■ **What you need to do**: Reproduce only this stretch of the listing below: from the line with "One of the Top Fall Baseball Tournaments In" through the line with "Toyota Auris HSD", exactly as written, with pictures excluded.

■ **Data**:
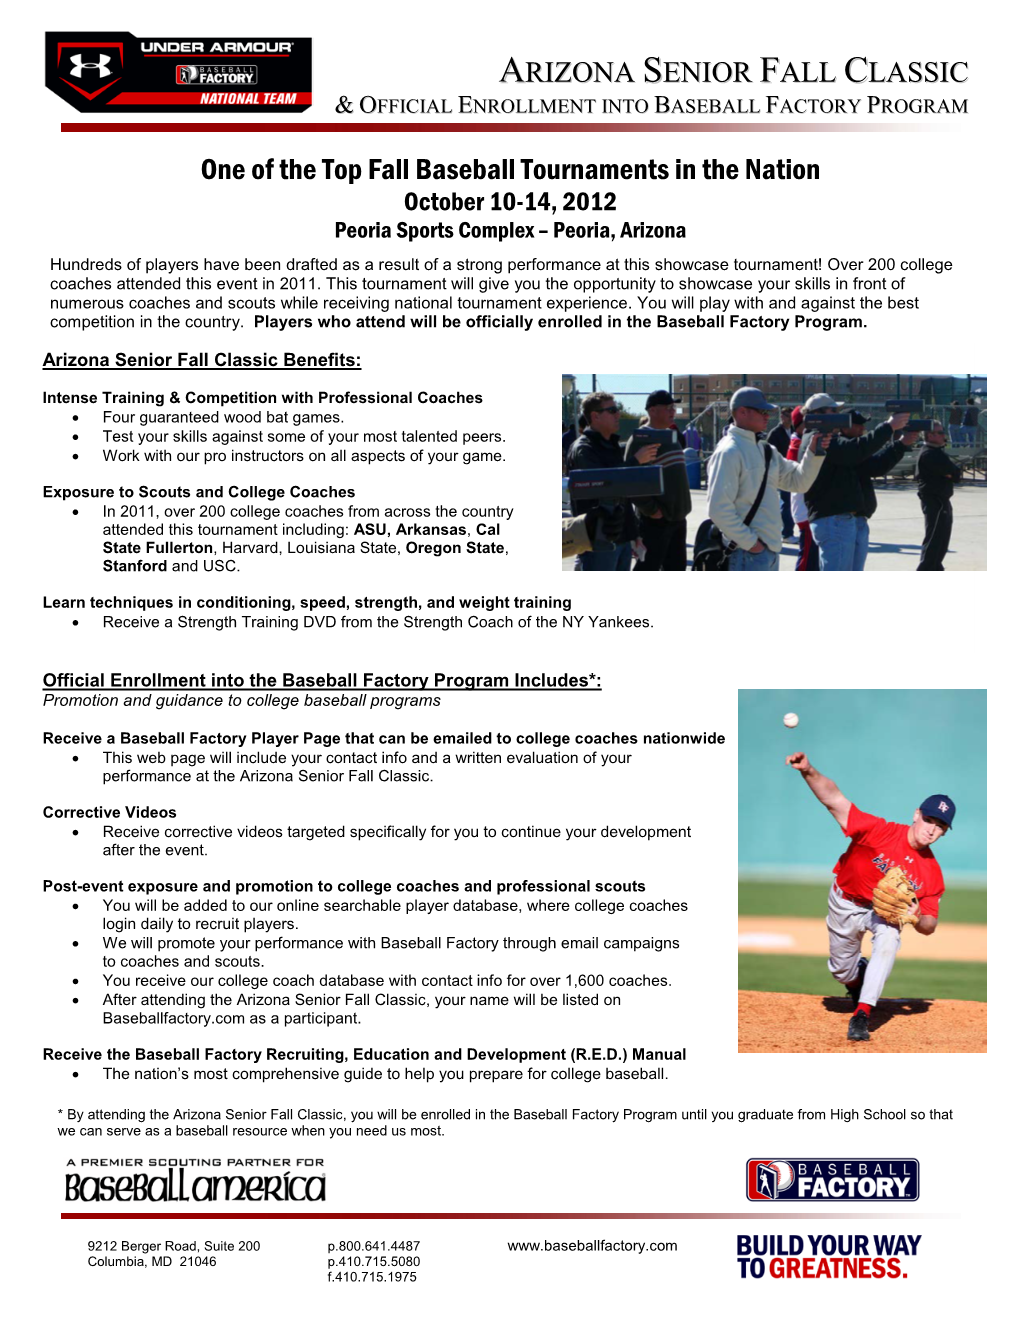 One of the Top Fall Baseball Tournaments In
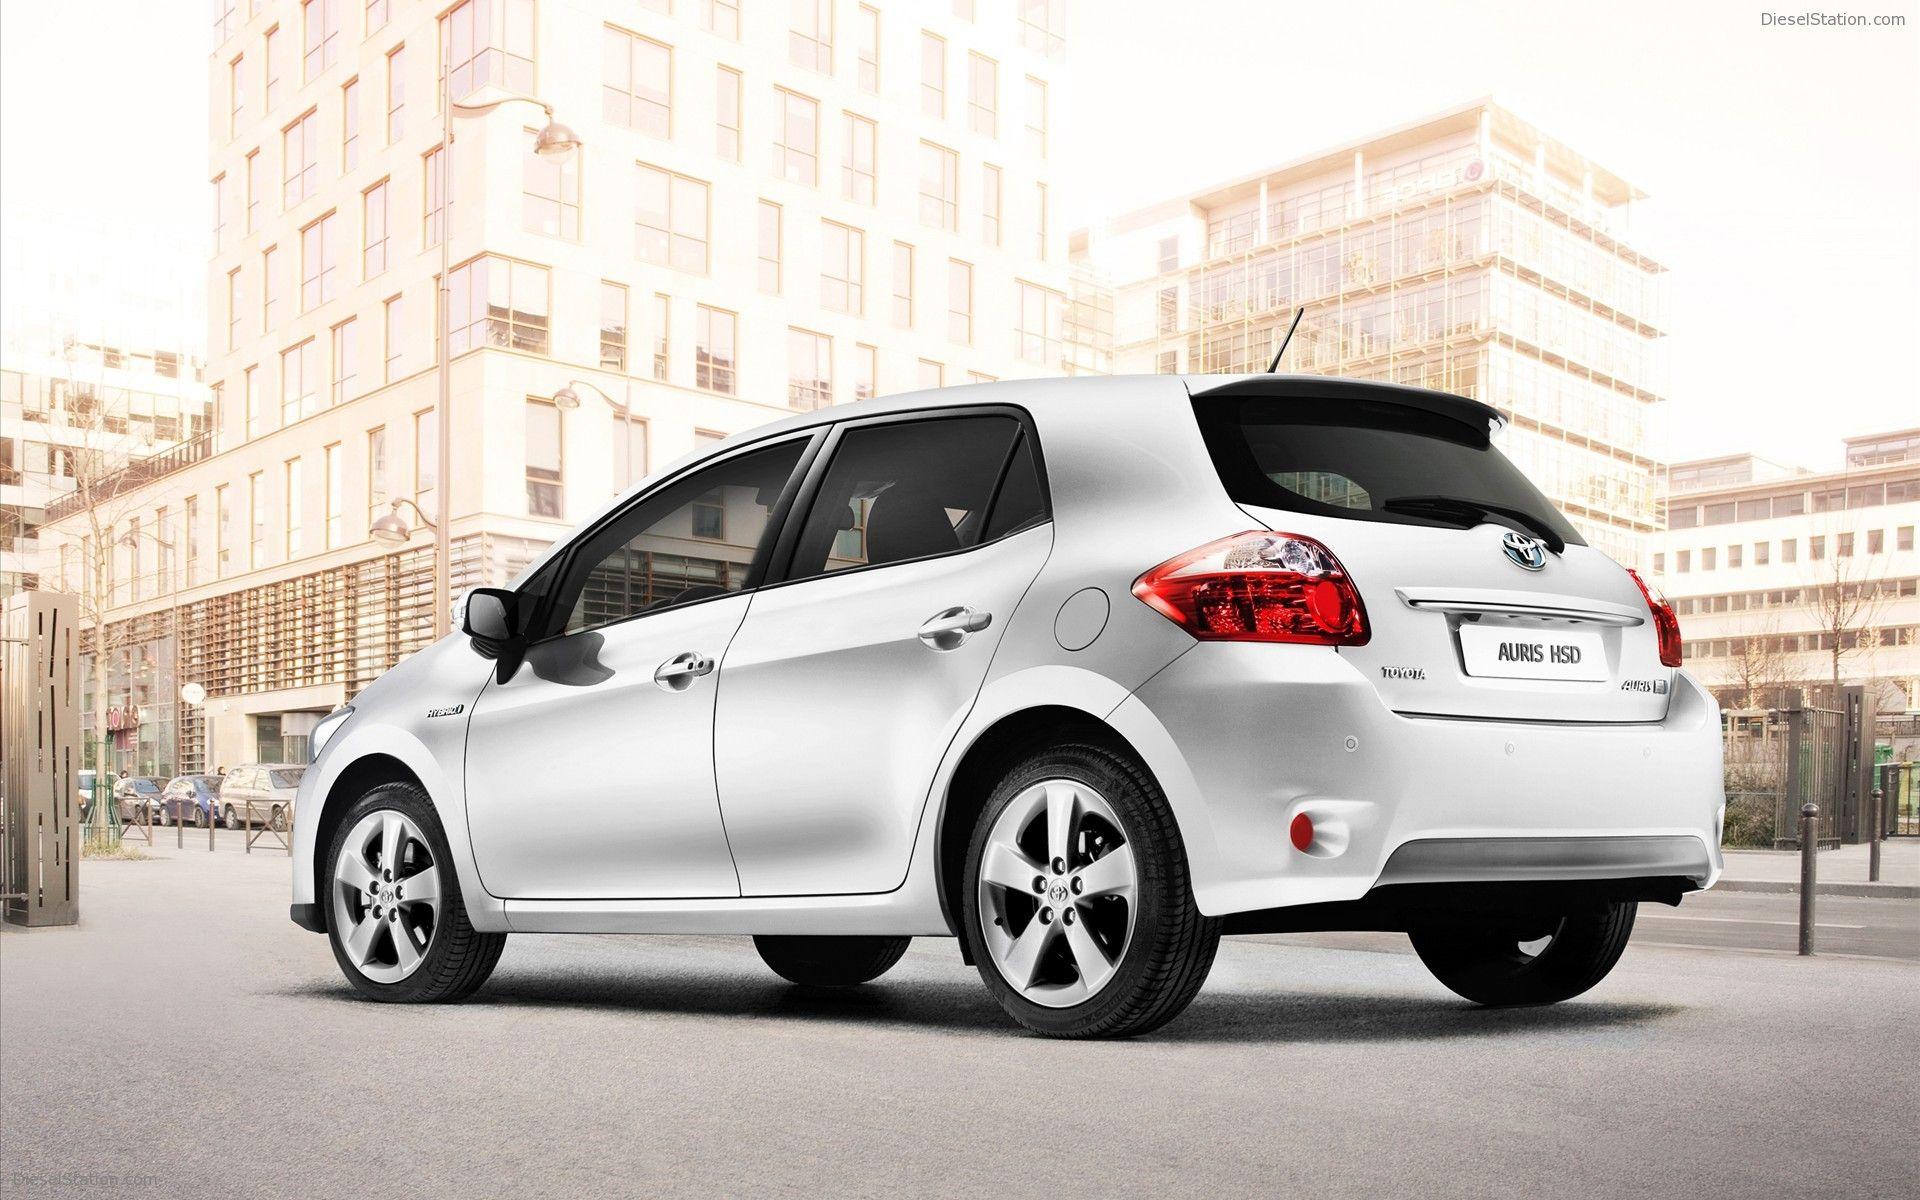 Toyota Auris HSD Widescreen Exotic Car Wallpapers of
--
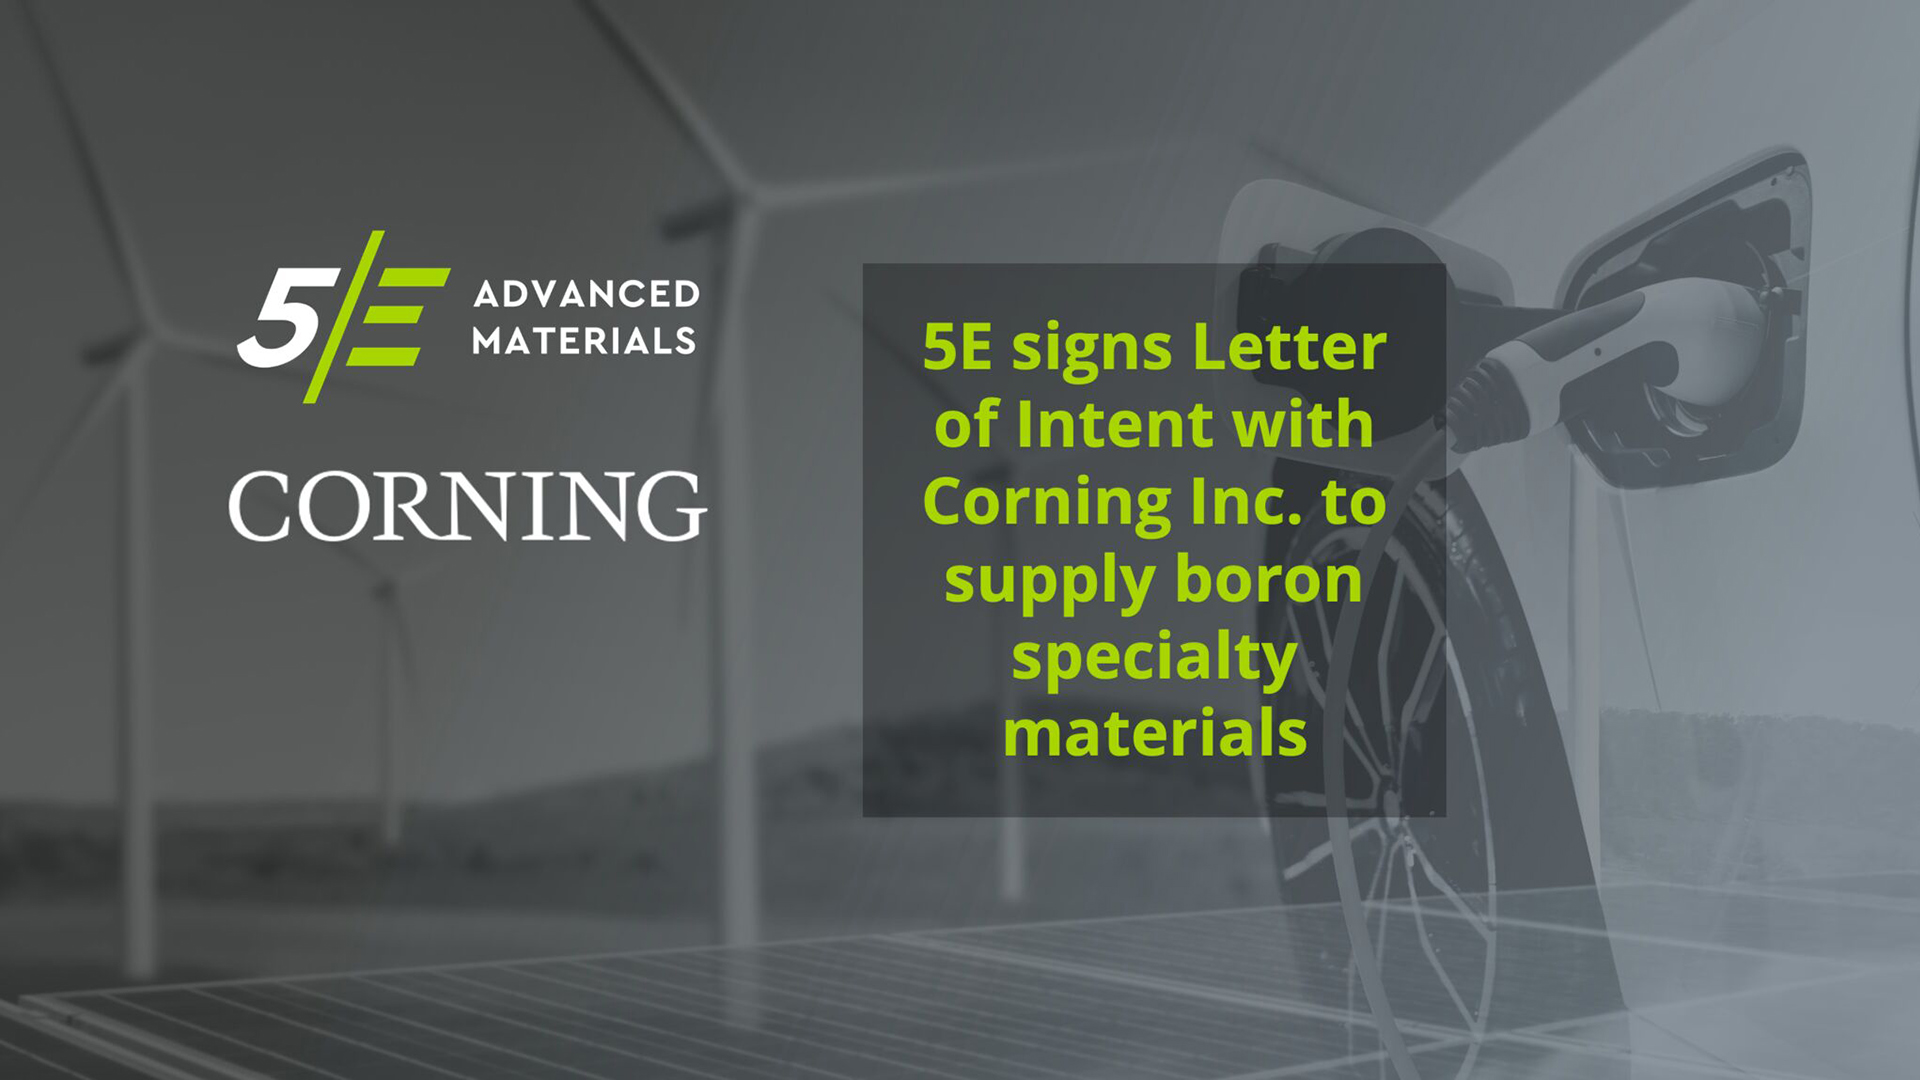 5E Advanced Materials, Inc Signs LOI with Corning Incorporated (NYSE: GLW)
==
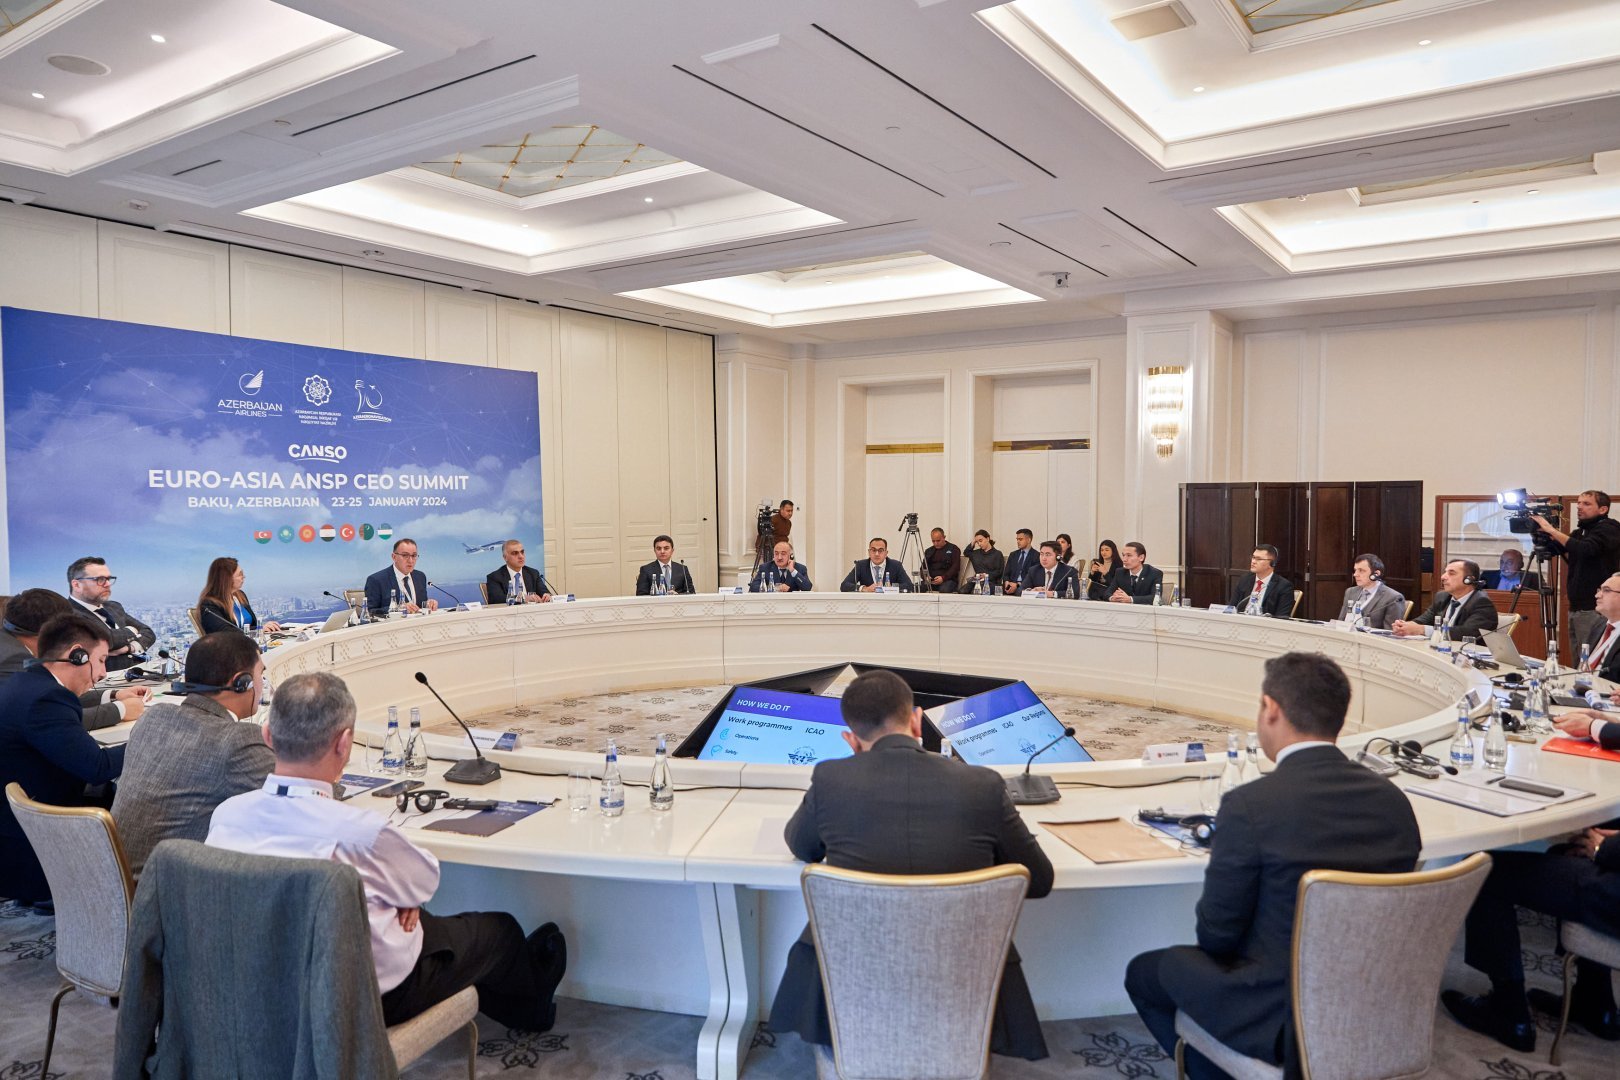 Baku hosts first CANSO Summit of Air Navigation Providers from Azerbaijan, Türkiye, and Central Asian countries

■ **Reply**:
 One of the Top Fall Baseball Tournaments In
 Toyota Auris HSD Widescreen Exotic Car Wallpapers of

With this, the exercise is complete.